Dos almas tan distintas...
y al mismo tiempo, como gemelas.
Don Ricardo Aguilar,
importante ejecutivo de una compañía de aparatos de intercomunicación, supo por
el presidente de la empresa:
-Ricardo, creo que este modelo
de radio-transmisores no se va a vender nunca. Aunque son muy potentes y
bonitos, resultaron algo caros y la gente ya no quiere comprar cosas tan caras.
Vamos a descontinuar el modelo, así que si quiere, llévese un par para sus
hijos.
-Pero señor, recuerde que
sólo tengo un hijo de siete años. ¿Con quién va a hablar, si ni siquiera tiene
amigos?
-Pues... no sé. Usted
lléveselos y a ver si se anima a tener amigos.
Ricardo se llevó los radios
y, al llegar a su casa, ya muy de noche, dijo a Delia, la nueva cuidadora del
niño:
-Delia, quiero ver a mi
hijo.
-Ya se acostó, señor.
-¿Y la señora?
-Como siempre, se fue a
jugar baraja con sus amigas.
-Es que en la madrugada me
voy de viaje y le traje al niño estos radios. Como ya no lo veré, déselos por
favor y dígale que después le enseño a manejarlos.
Delia, que justamente
acababa de terminar de hacer su maleta para abandonar esa casa, pues no estaba
a gusto con la señora, que nunca se ocupaba de su hijo, ni con el propio niño,
por considerarlo muy aburrido, pensó:
-¿Cómo que dos radios para
un chamaco tan tonto? Esta gente rica, ¡qué loca está! Mira que darle dos
radios a éste. Yo me llevo uno para mi casa.

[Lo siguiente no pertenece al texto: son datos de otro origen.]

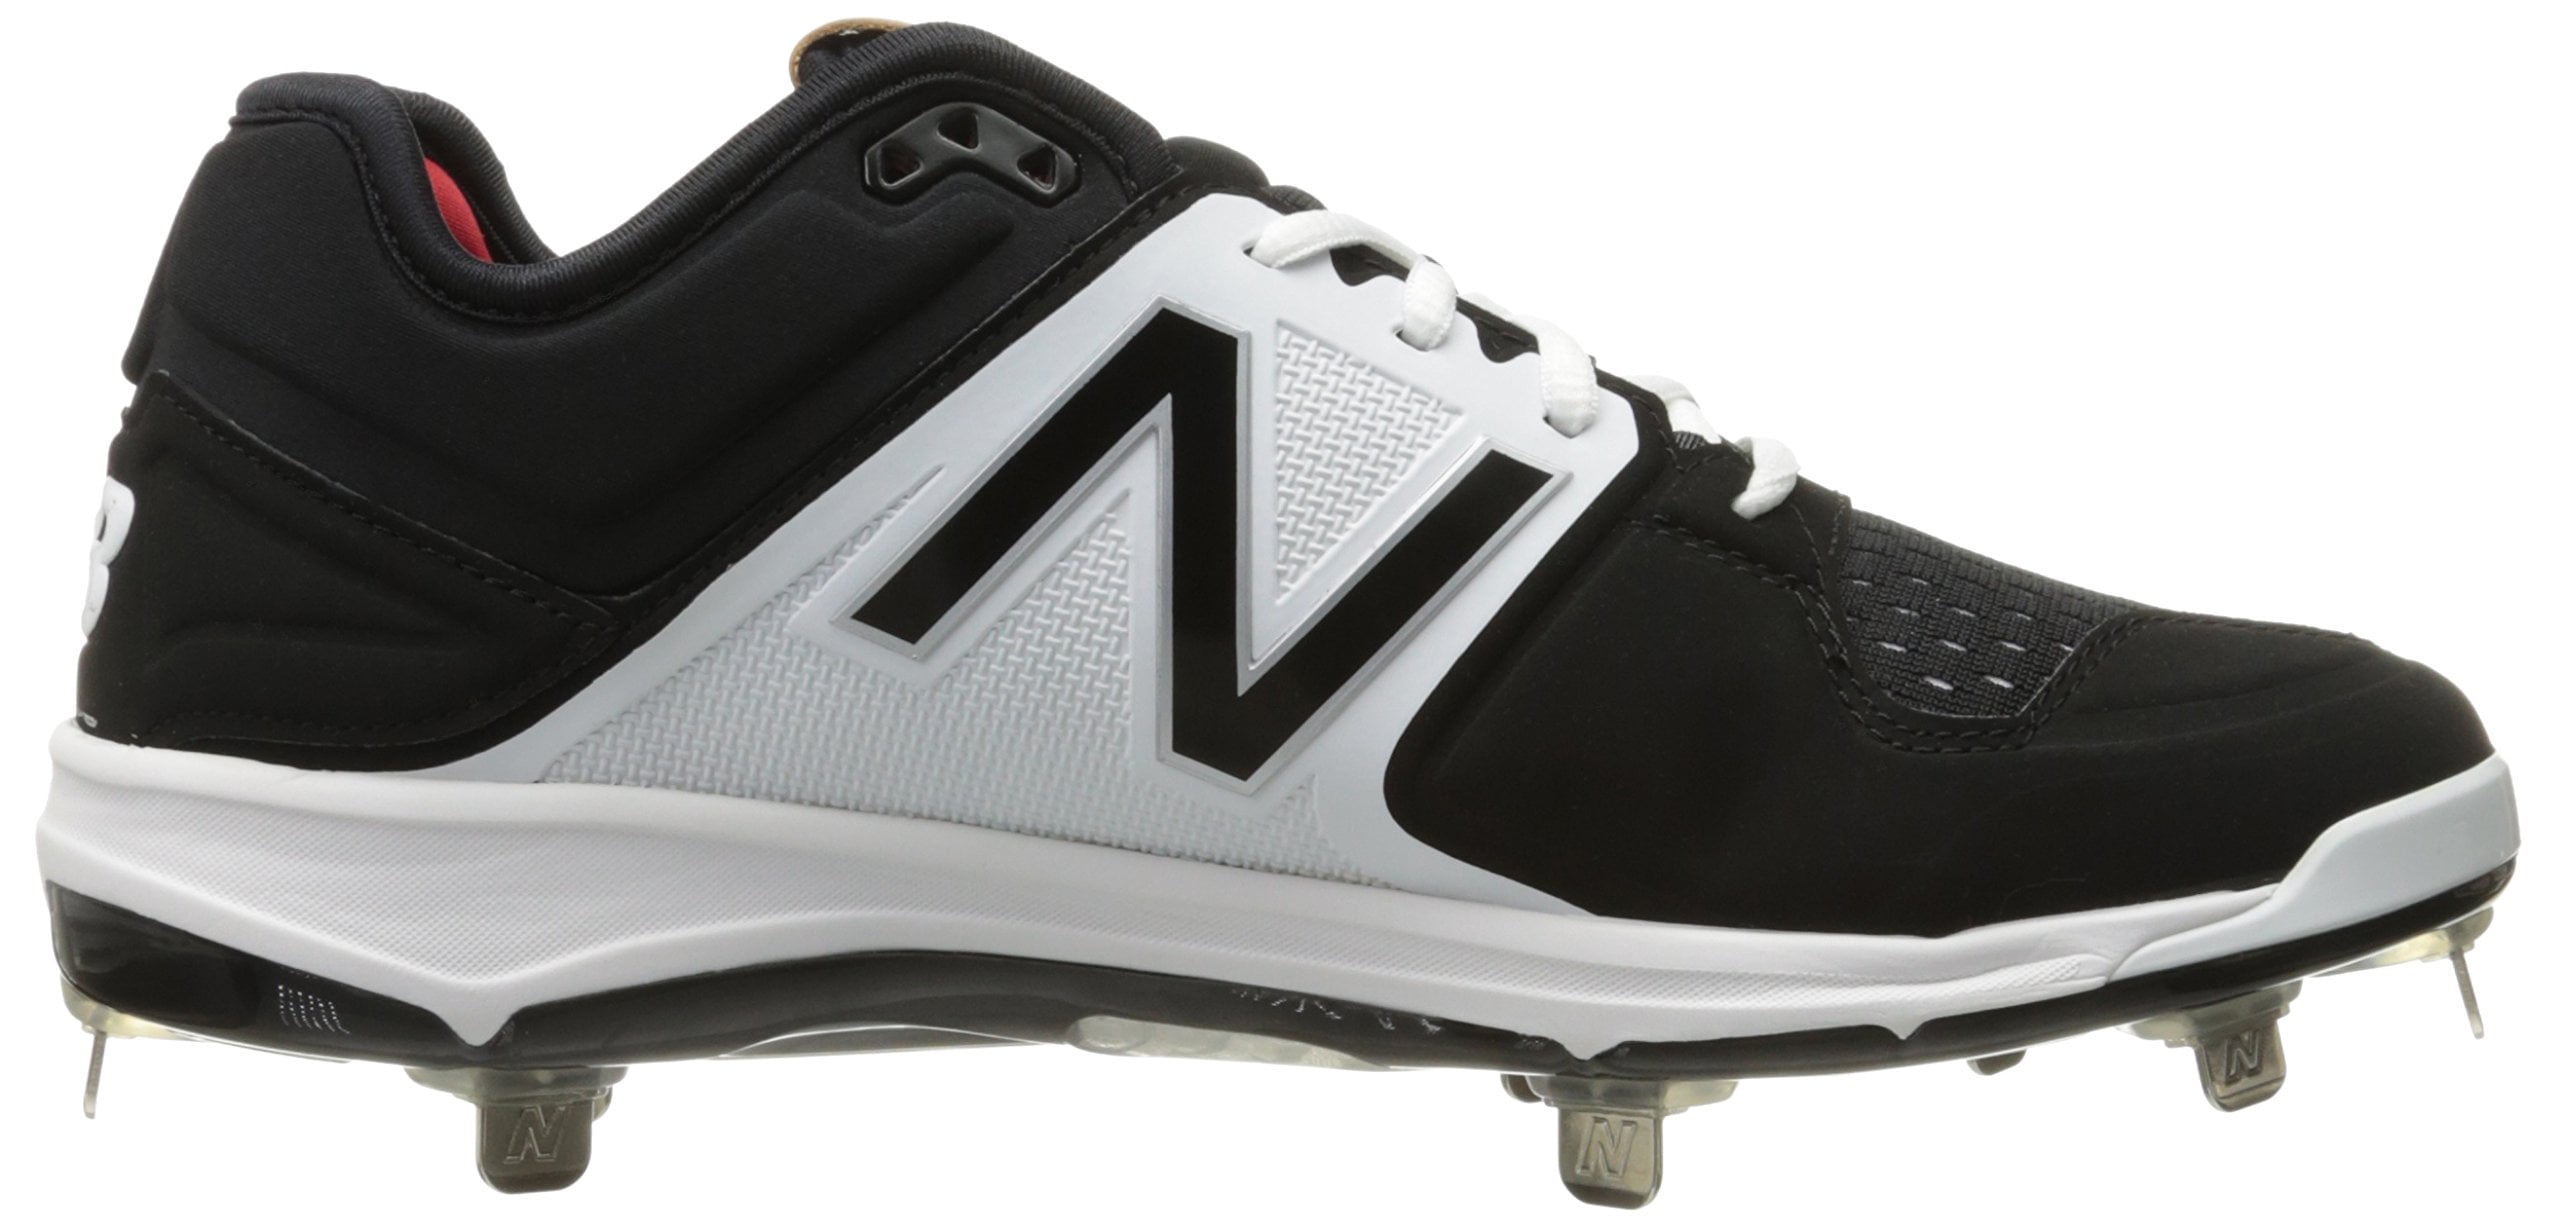 men's l3000v3 metal baseball shoe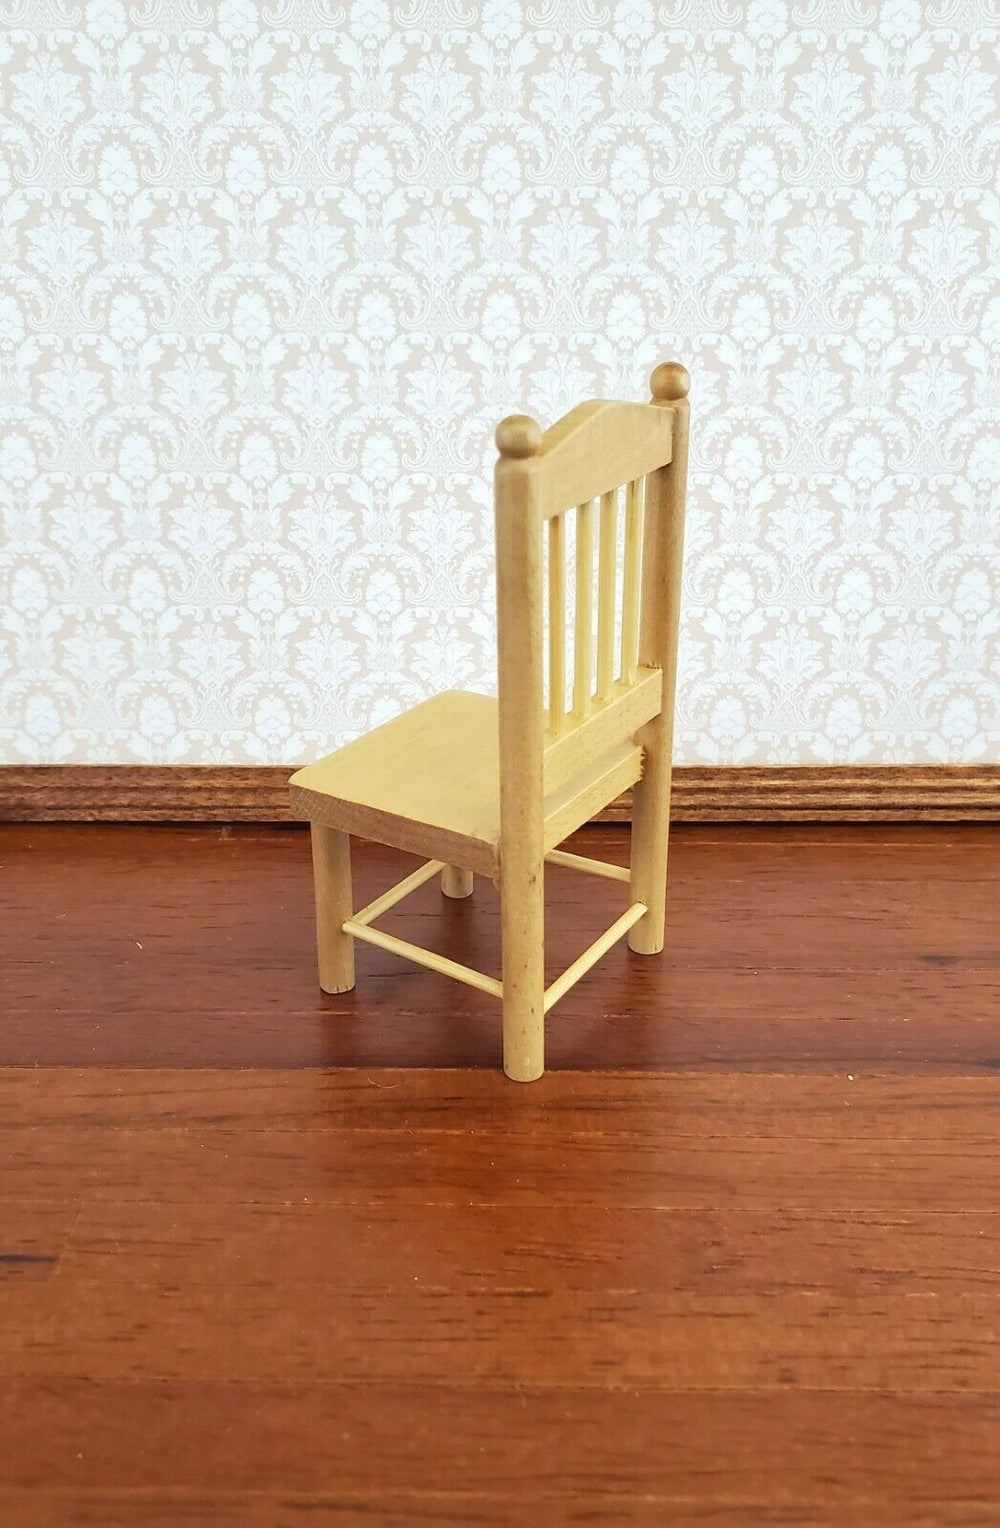 Dollhouse Miniature Small Chair Light Oak Wood 1:12 Scale 3 1/4" tall - Miniature Crush

Delia metió con cuidado uno
de los aparatos y le dijo a Antonia, la sirvienta fiel que llevaba ya 20 años
con esa familia:
-Toña, me voy ya. No le
quiero decir a la señora nada. Me da pena y además no creo que le importe, si
ni me quiere.
-Ay, Delia, es que la
señora, tan ocupada siempre con sus amigas y sus compromisos, ni siquiera te
conoce bien. Pero si te quieres ir, pues vete y yo le digo a doña Claudia.
Delia se fue
inmediatamente, pero para no ser vista por los vecinos (como si tuviera miedo
de que descubrieran su robo), rodeó, y al salir de esa elegante colonia, caminó
por el barrio tan humilde que estaba junto, por esas calles sin pavimentar y
llenas de gente.
No pudo resistir la
curiosidad. Sacó el radiocomunicador y comenzó a moverle botones. Oyó solamente
ruidos y alguna lejana voz, pero nada más. Ella que deseaba un radio para oír a
sus artistas favoritos, y ese aparato sólo producía ruidos.
Se sintió tan frustrada,
que deseó tirar el aparato en la misma calle, pero al ir a hacerlo, un niño la
vio y le preguntó:
-¿Qué va a hacer con ese
radio?
-Nada, te lo vendo, está
muy bonito.
-Pues..., no traigo mucho
dinero. Está bonito, pero... ¿cuánto quiere?
-Lo que tengas, pero
rápido.
-Tengo 35 pesos que me
quedan de lo que me dio mi papá.
-Pues dame eso, ándale.
El niño, que se llamaba
Víctor, se sorprendió de haber hecho tan buen negocio y tan rápido, le dio el
dinero a la muchacha y tomó el aparato.
Corrió hasta su casa y lo
enseñó a sus papás.
-¡Miren qué bonito radio me
compré!
El padre de Víctor le dijo:
-¿Cómo que lo compraste,
muchacho? ¿No te lo robaste?
-No, papá. Una señorita me
lo vendió por 35 pesos.
-Quiero ver a esa señorita.
-Se fue corriendo, papá.
-Pues ni modo, para mí que
ella sí se lo robó, pero ahora ya lo pagaste, cuídalo y... a ver si te sirve,
porque no parece un radio normal.
-¿Cómo, papá? Entonces,
¿qué es?
-Pues parece uno de esos
radios que sirven para hablar con otras personas, de esos que les dicen
"Walky-talky".
-Ah, sí. Ya los he visto en
películas. A ver si me comunico con alguien.
A la mañana siguiente, en
la elegante casa de don Ricardo, Toña, la amable ama de llaves, le dijo al
niño:
-Mira, Ricky, tu papá se
fue de viaje y te dejó saludos. También te dejó este regalo, y dice que después
te enseña a manejarlo.
-Alan, que así se llamaba
el pequeño, con su mirada triste observó el intercomunicador y dijo:
-¡Qué bonito radio! Pero
está raro.
-Por eso, mi niño, después
te va a enseñar tu papá a manejarlo.
La vida de esa familia era
por demás rutinaria, pero esa tarde Alan sintió algo diferente por tener un
radio especial.
Después de hacer su tarea,
siempre tan solo, pues no jugaba con casi nadie, mas que si acaso algún fin de
semana o vacaciones en que veía a sus primos, se puso a tratar de escuchar algo
en el nuevo radio.
Solamente oía ruido. Sacó
toda la antena y comenzó a escuchar la voz de un niño:
-Hola, hola, quiero
comunicarme con alguien, hola, hola...
Alan sintió una gran
alegría, pero no sabía cómo contestar.
El otro niño insistía, y ya
lo había intentado desde que llegó del colegio, pero nada.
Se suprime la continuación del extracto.